Q: How can abyssal animals withstand extreme pressure?

A: Deep sea animals have evolved various adaptations to withstand extreme pressure. For example, they often possess soft , flexible bodies , reduced or absent skeletons, and body cavities filled with incompressible fluids, which help them resist pressure without deforming or rupturing.

Q: What is the main food source for organisms living in the abyss?

A: The majority of deep-sea organisms rely on " marine snow ", which is organic matter from the upper layers of the ocean. This includes dead plant and animal debris, droppings, and other particles that slowly sink to the bottom. Some organisms, such as chemosynthetic bacteria , obtain energy from minerals and chemical compounds found in hydrothermal vents.

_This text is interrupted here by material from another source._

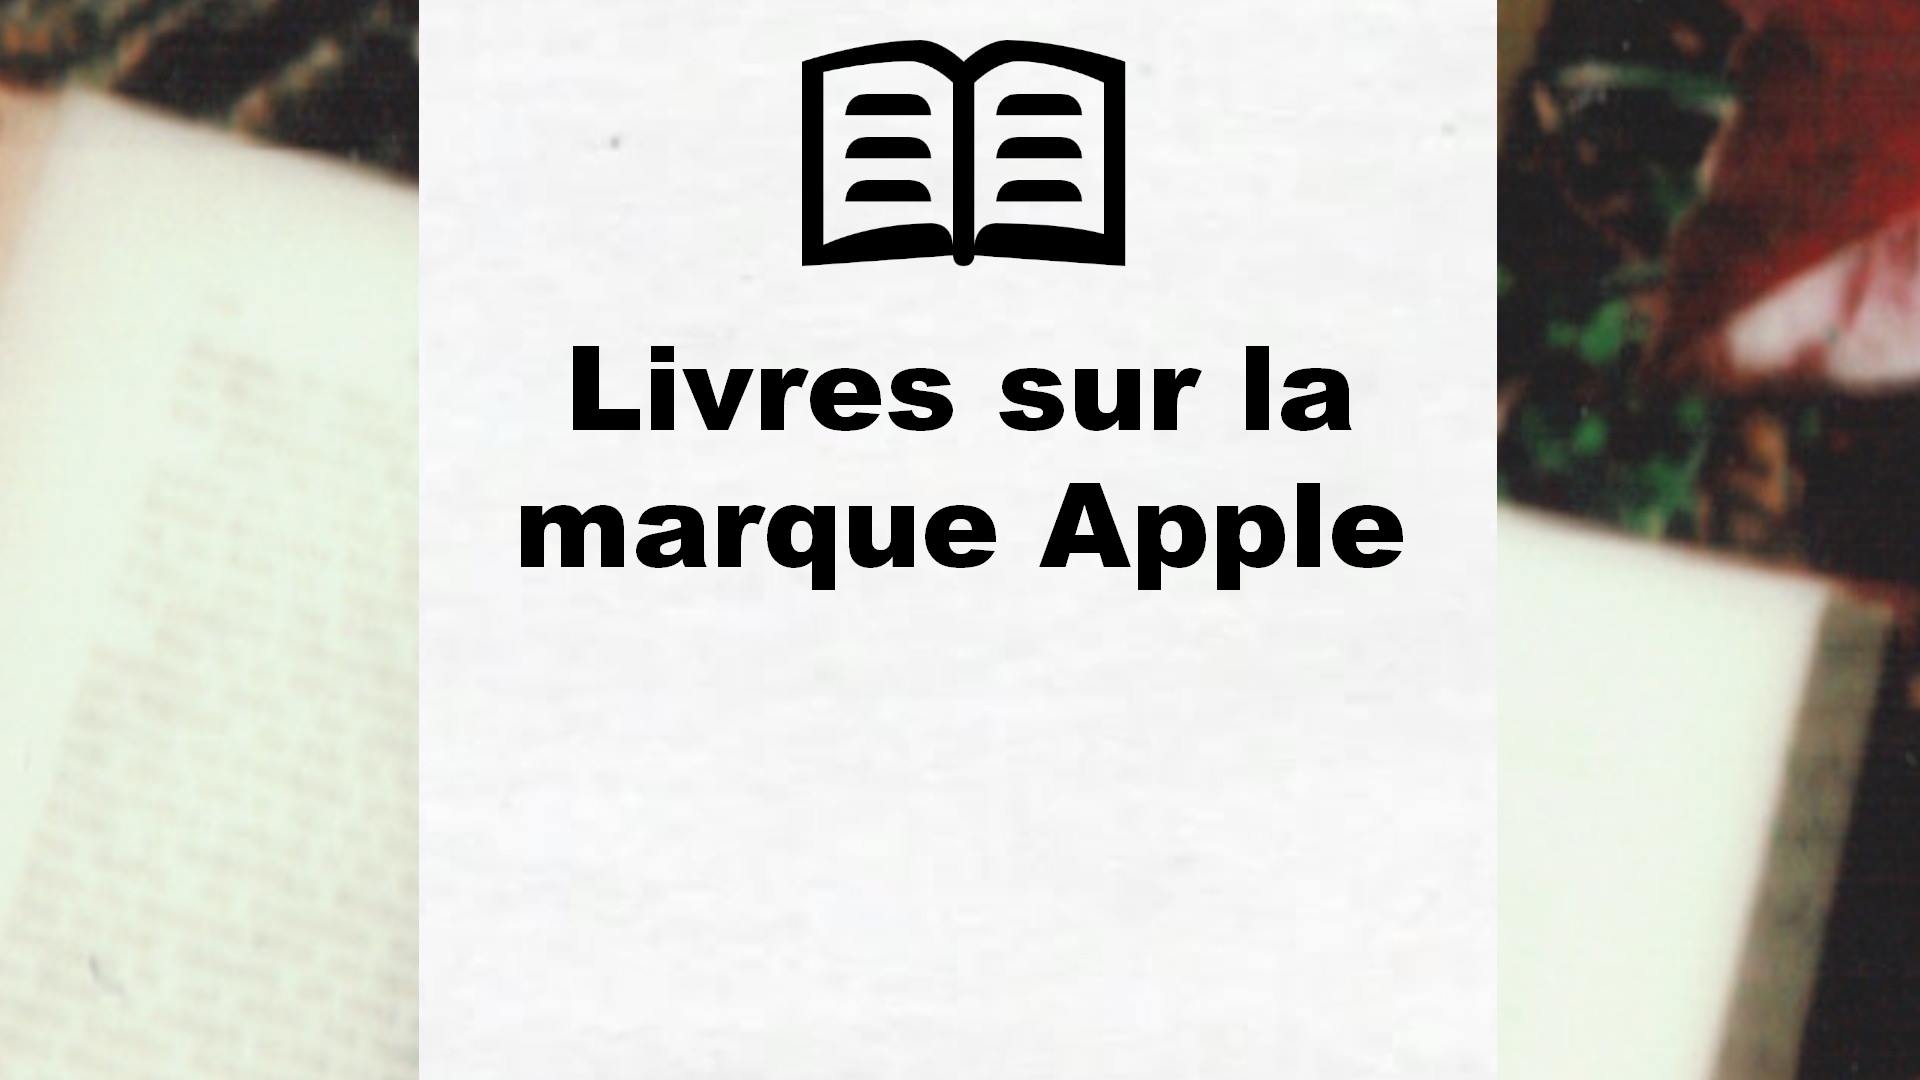 Livres sur la marque Apple

Q: How many species are estimated to live in the deep?

A: It is difficult to give a precise figure due to the lack of data and the fact that new species are regularly discovered. However, the abyss is estimated to be home to tens of thousands of species, many of which remain unknown.

Q: How fast are tectonic plates moving on the ocean floor?

A: Tectonic plates generally move at a speed of a few centimeters per year. This speed can vary depending on the forces at play, such as mantle convection, gravity and friction between plates.

Q: How much of the oceans are still unexplored?

A: It is estimated that around 80% of the seabed remains unexplored . The abyss, in particular, is very difficult to study due to the extreme conditions and depth.

Q: What is the average lifespan of an organism living in the abyss?

A: The lifespan of deep-sea organisms varies greatly depending on the species. Some animals, such as deep-sea fish, can live for several decades, while others, such as deep-sea jellyfish, have shorter lifespans, ranging from a few months to a few years .

Q: What is the share of bioluminescent species among the organisms living in the abyss?

A: It is difficult to give an exact percentage, but it is estimated that more than 75% of species living in the abyss are capable of bioluminescence. Bioluminescence is particularly common among fish.